Increasing Instruction Issue Rate with Pipelined Processor Cores
As we previously discussed, the core of a processor is the part of the processor responsible for executing instructions. Early processors would execute a single instruction every cycle, so a processor that ran at 4MHz could execute 4 million instructions every second. The logic to execute a single instruction could be quite complex, so the time it takes to execute the longest instruction determined how long a cycle had to take and therefore defined the maximum clock speed for the processor.
To improve this situation, processor designs became “pipelined.” The operations nec-essary to complete a single instruction were broken down into multiple smaller steps. This was the simplest pipeline:
n Fetch. Fetch the next instruction from memory.

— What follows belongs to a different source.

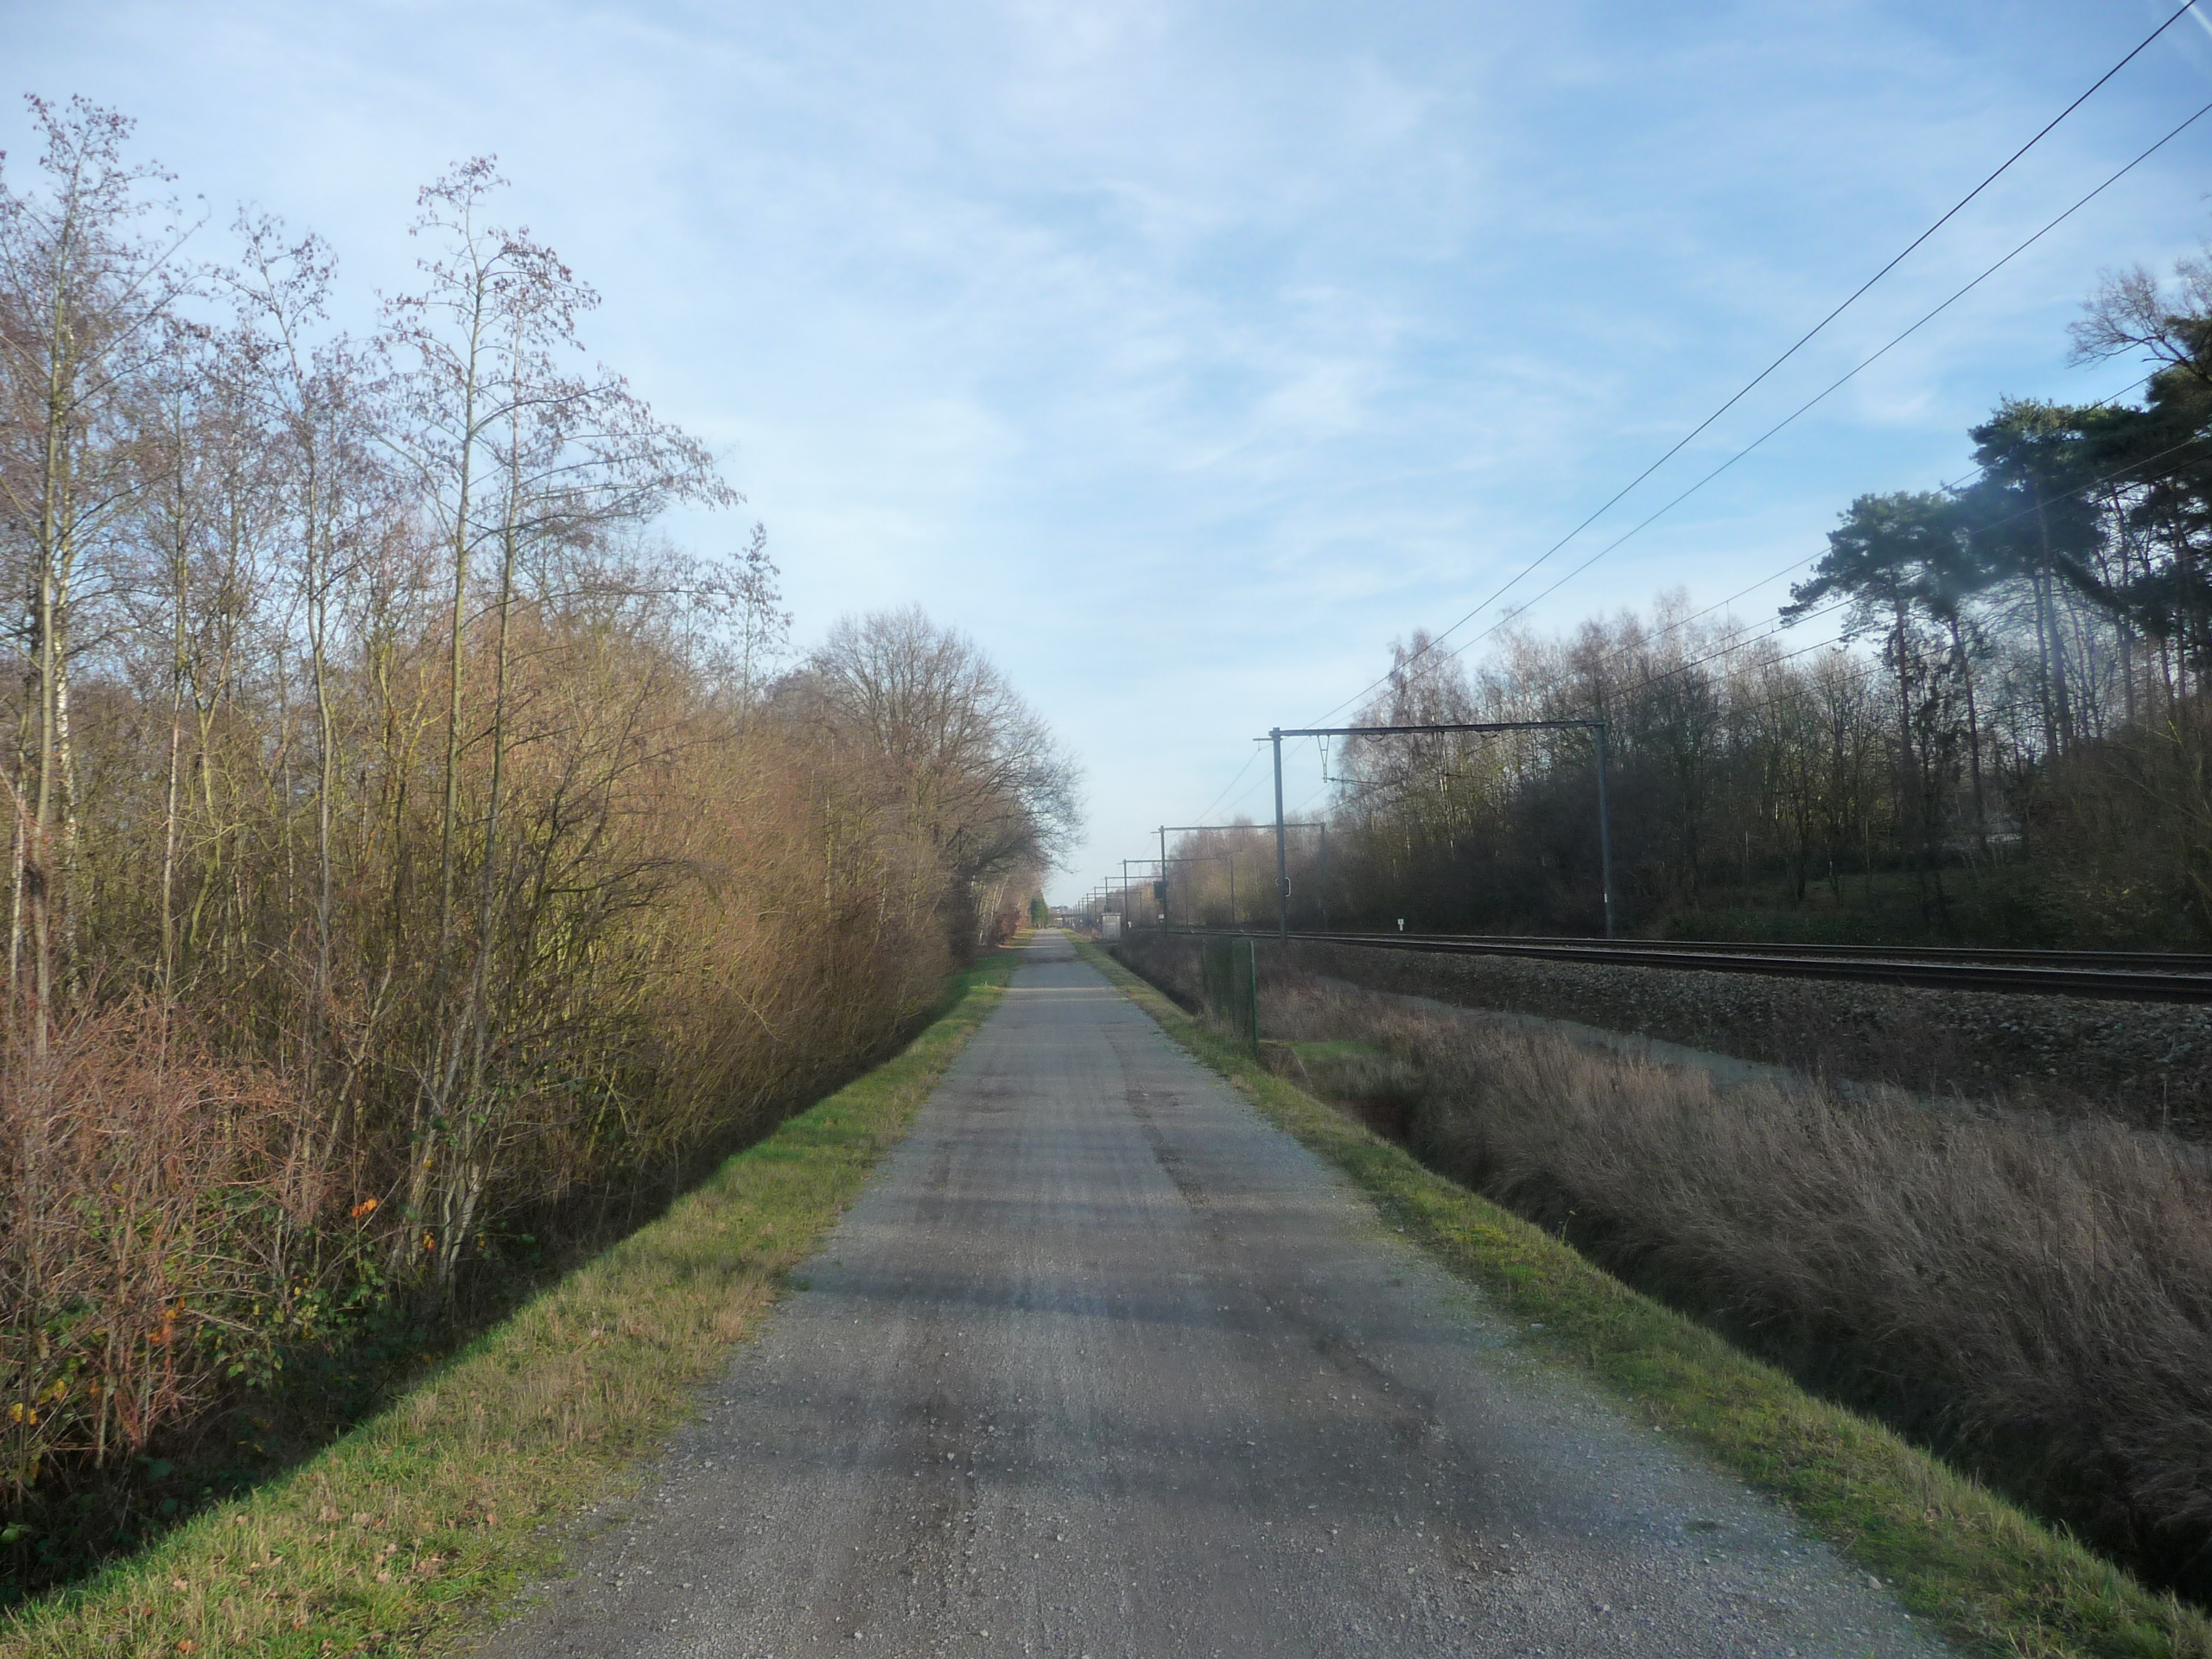 Leuven railway line
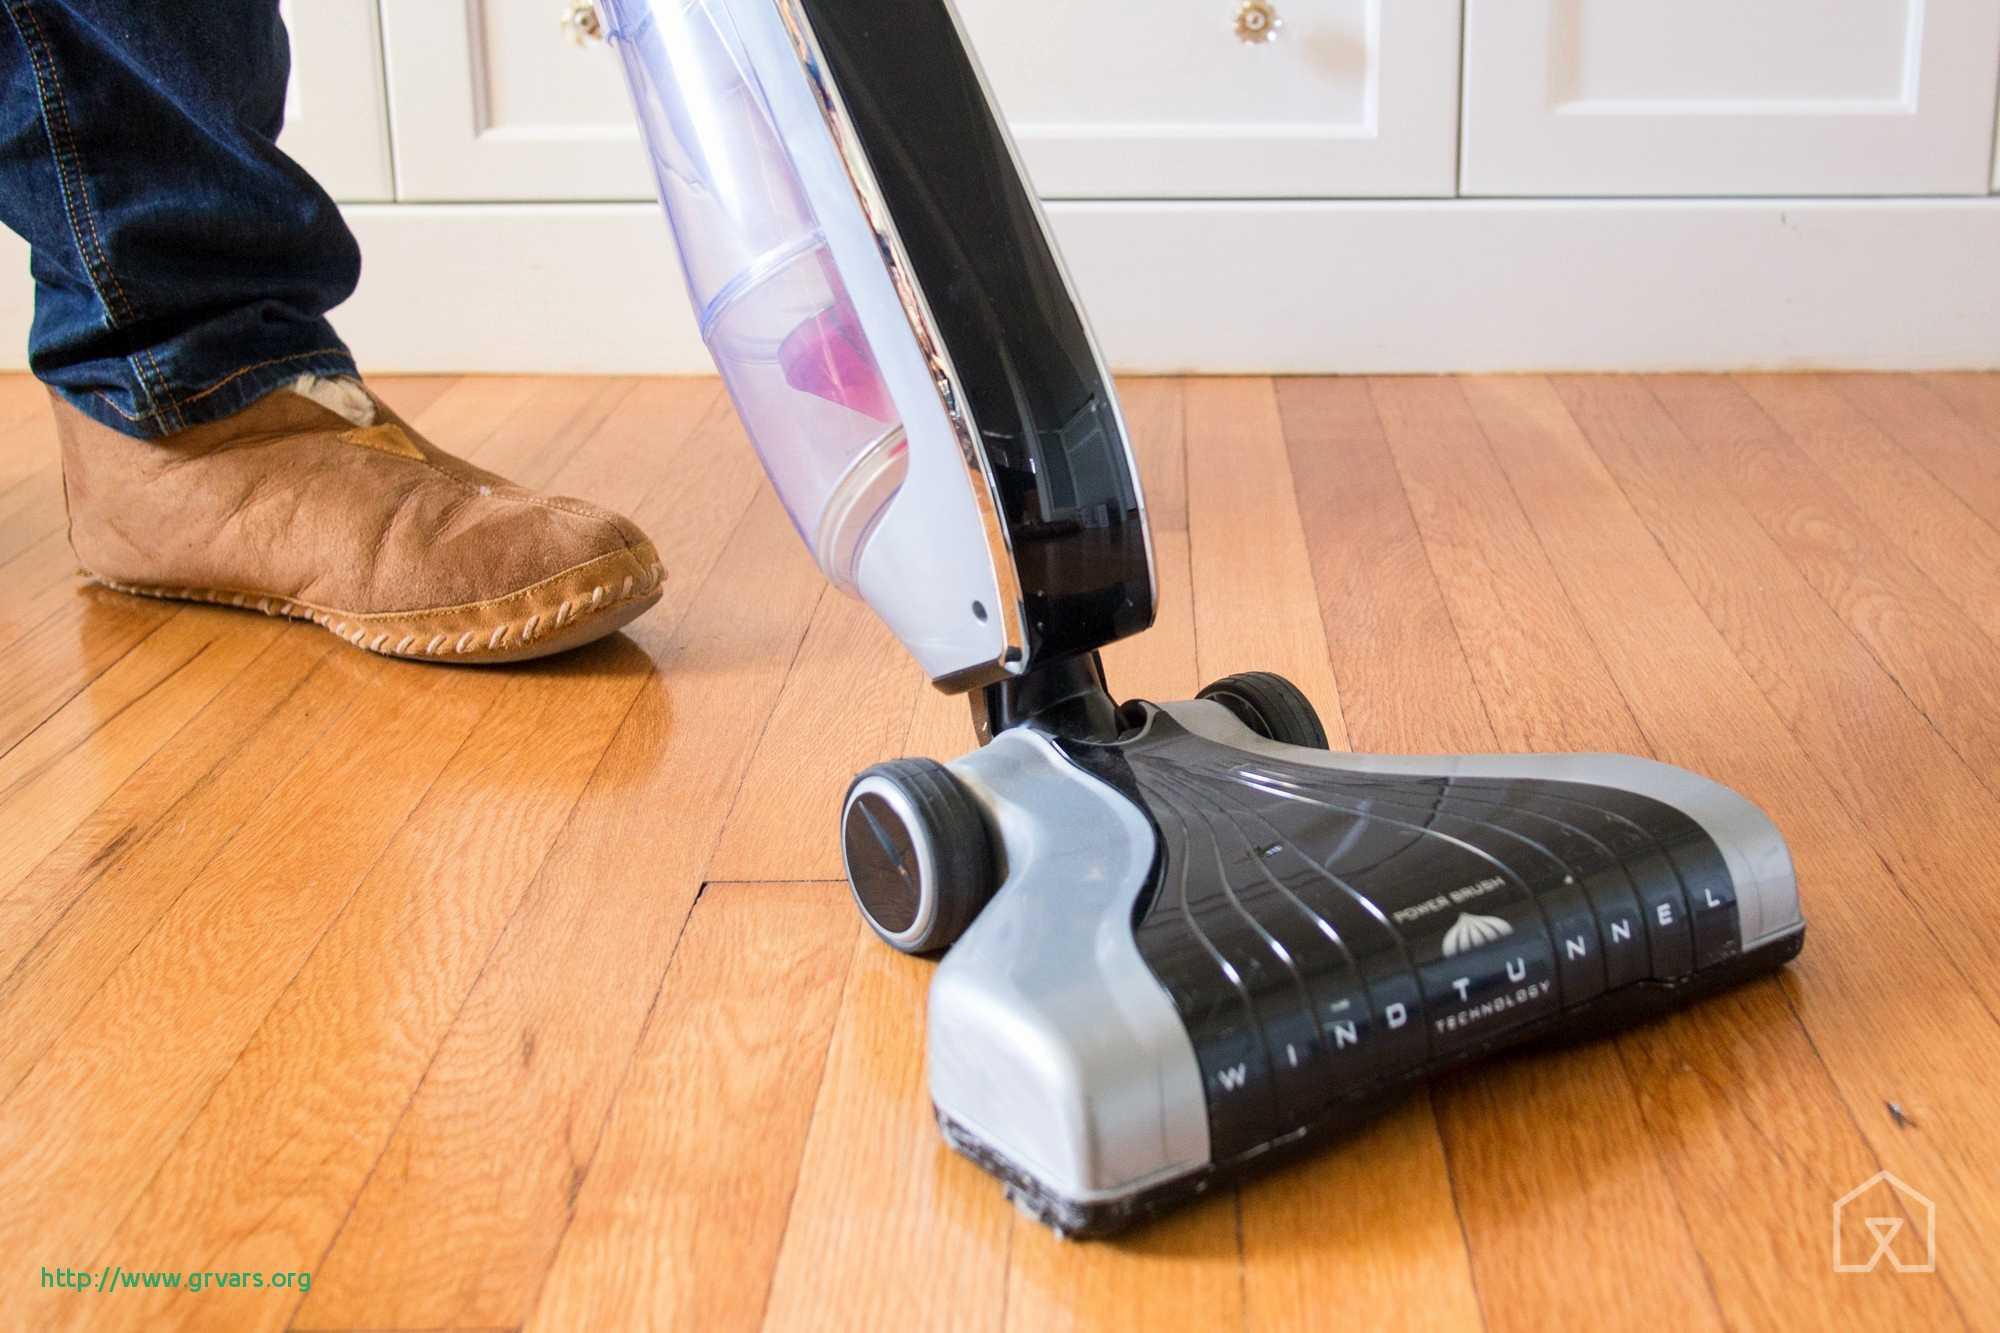 hardwood floor vacuum and steamer of steamer on laminate floors inspirant 11 best od floors pinterest with steamer on laminate floors inspirant 11 best od floors pinterest awesome wood floor steam

n Decode. Determine what type of instruction it is.
n Execute. Do the appropriate work.
n Retire. Make the state changes from the instruction visible to the rest of the system.
Assuming that the overall time it takes for an instruction to complete remains the same, each of the four steps takes one-quarter of the original time. However, once an instruction has completed the Fetch step, the next instruction can enter that stage. This means that four instructions can be in execution at the same time. The clock rate, which determines when an instruction completes a pipeline stage, can now be four times faster than it was. It now takes four clock cycles for an instruction to complete execution. This means that each instruction takes the same wall time to complete its execution. But there are now four instructions progressing through the processor pipeline, so the pipelined processor can execute instructions at four times the rate of the nonpipelined processor.
For example, Figure 1.9 shows the integer and floating-point pipelines from the UltraSPARC T2 processor. The integer pipeline has eight stages, and the floating-point pipeline has twelve stages.
The names given to the various stages are not of great importance, but several aspects of the pipeline are worthy of discussion. Four pipeline stages are performed regardless of whether the instruction is floating point or integer. Only at the Execute stage of the pipeline does the path diverge for the two instruction types.
For all instructions, the result of the operation can be made available to any subse-quent instructions at the Bypass stage. The subsequent instruction needs the data at the Execute stage, so if the first instruction starts executing at cycle zero, a dependent instruction can start in cycle 3 and expect the data to be available by the time it is needed. This is shown in Figure 1.10 for integer instructions. An instruction that is fetched in cycle 0 will produce a result that can be bypassed to a following instruction seven cycles later when it reaches the Bypass stage. The dependent instruction would need this result as input when it reaches the Execute stage. If an instruction is fetched every cycle, then the fourth instruction will have reached the Execute stage by the time the first instruction has reached the Bypass stage.
The downside of long pipelines is correcting execution in the event of an error; the most common example of this is mispredicted branches.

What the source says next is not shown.